It's great hobby to get into, I would hate to imagine what the cost of getting a pro to cast all the small parts I've done over the years. I can't say I'm an expert or anything as I'm still learning.


----------



## DRB (Feb 1, 2008)

Steve

Another question about your mills. What do yo use for your carriage wheels? Do they have bearings?

Thanks Ryan


----------



## Stevensam (Feb 2, 2008)

Good question, all three mills use different types of wheels/castors.

The Procut uses nylon wheels turned from nylon bar stock. The rail slot in the wheels matches the actual rail width so there is no side movement when milling. I read somewhere that the side thrust of the saw can cause problems with castors. This set up works well.

The bandsaw uses normal small dia aluminium pulleys for wheels as described in the Procut plans. I wouldn't say this is ideal and is more of a temp thing, I plan on using the nylon wheels from the Procut soon.

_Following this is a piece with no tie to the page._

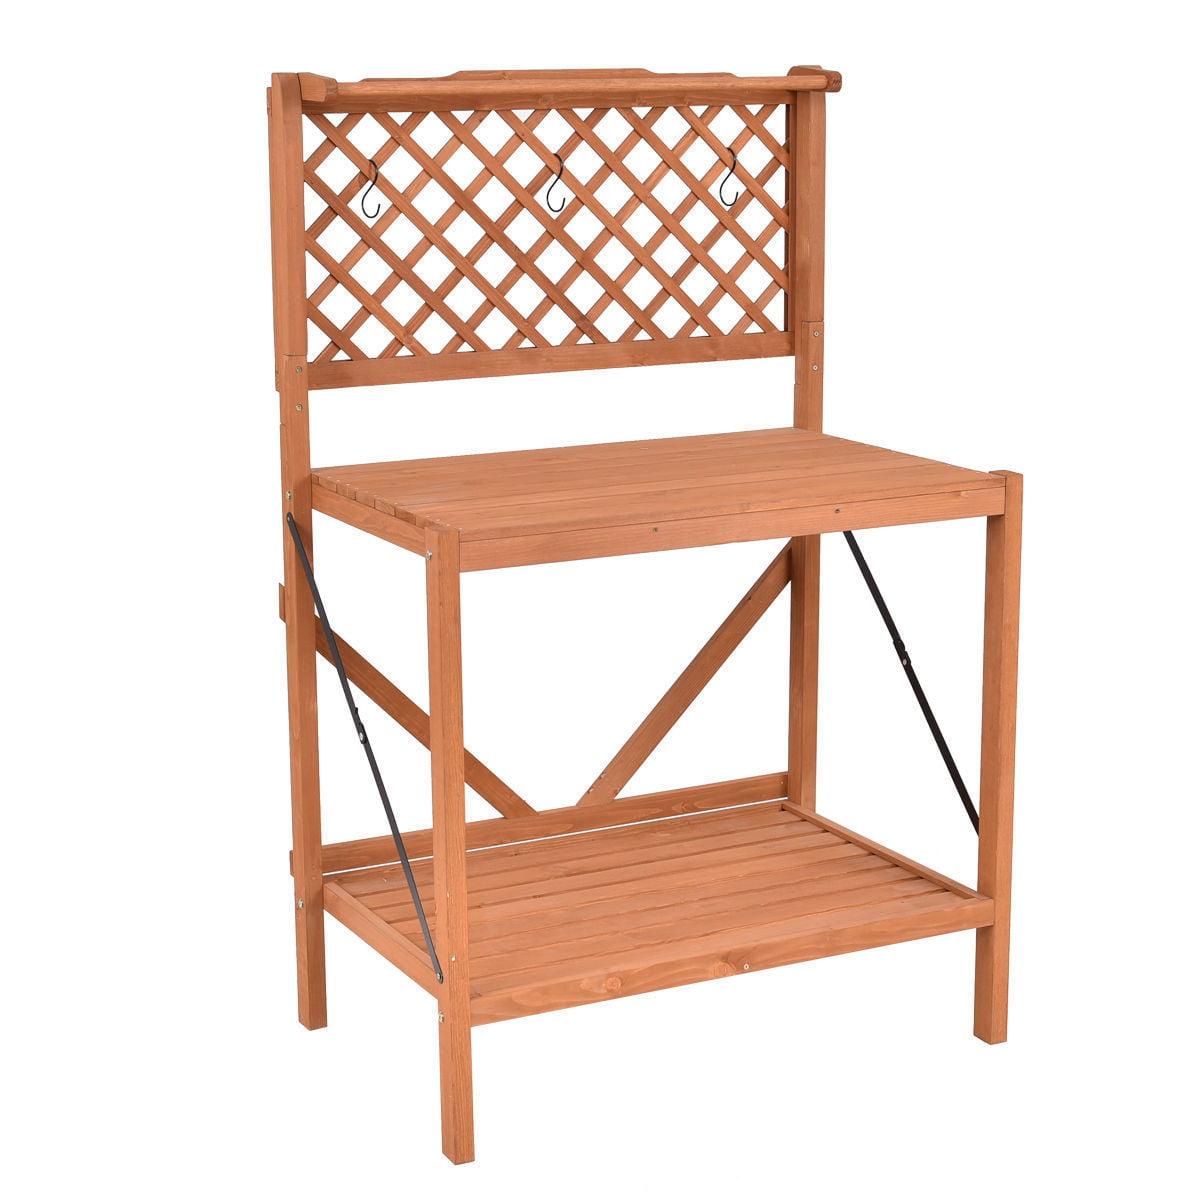 "GHP 35.4""x23.4""x56.3"" Natural Wood Potting Bench with 3 Hooks Handling Bar & Shelf"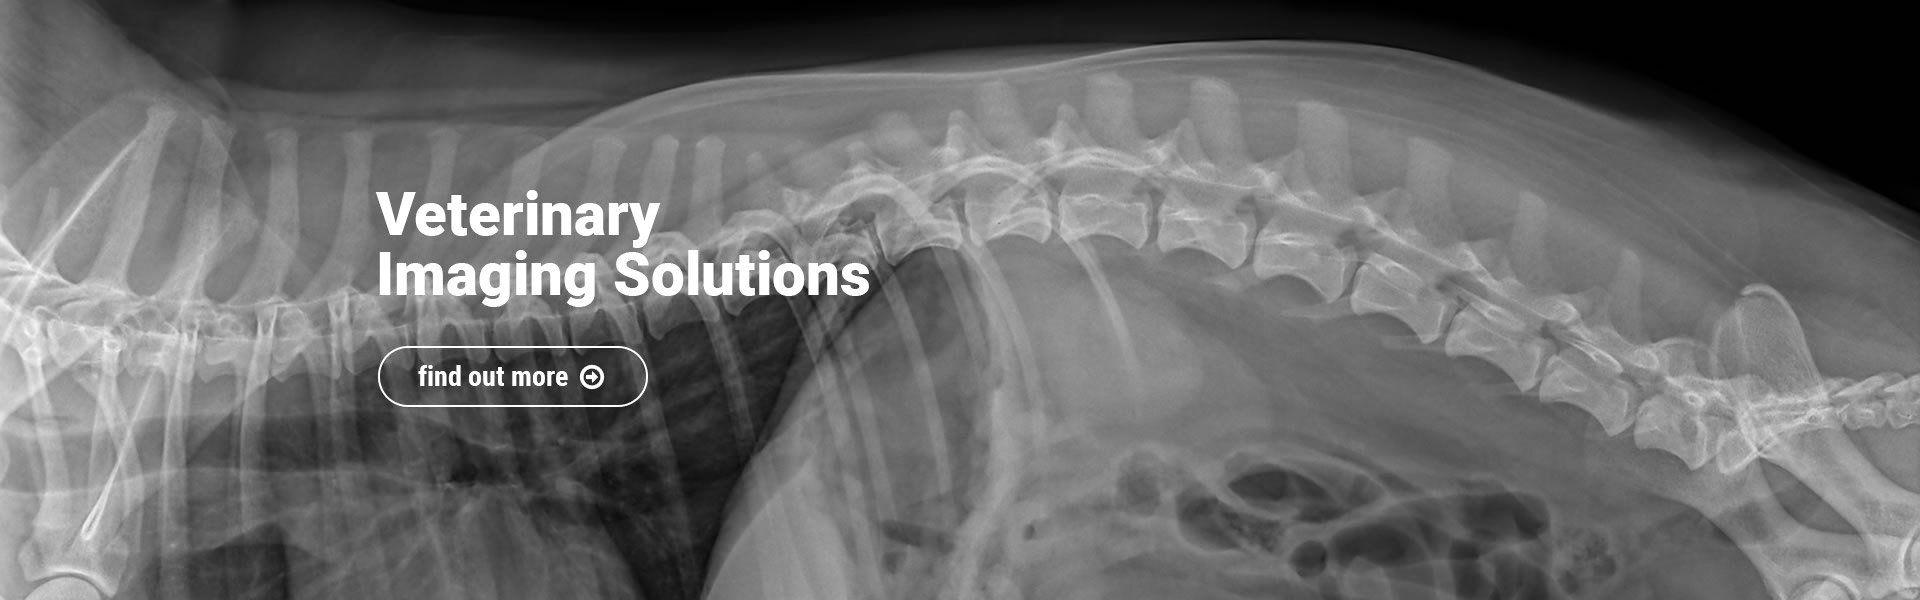 Veterinary Imaging Solutions

The 4 stroke CSM uses actual V castors with bearings and it is super easy to push. I find it ideal for this set up but they can be expensive, although I got 2 sets of 4 castors for $5 from a farm clearing sale


----------



## johnarentz (Feb 11, 2018)

I was about to post a thread seeking info about a four stroke motor conversion to use on my procut mill. Are you able to post some info about your 4 stroke chai sawmill build?



Stevensam said:


> Hello,
> 
> When I built my Procut I decided to go somewhat wider, the plans call for the rails to be 27" CTC and I went 32" plus made the bed wider as well. The main reason I did this is so I could build a SimpleSaw bandsawmill and use the same bed, by memory the Simplesaw is 35" between castors.
> 
> ...


----------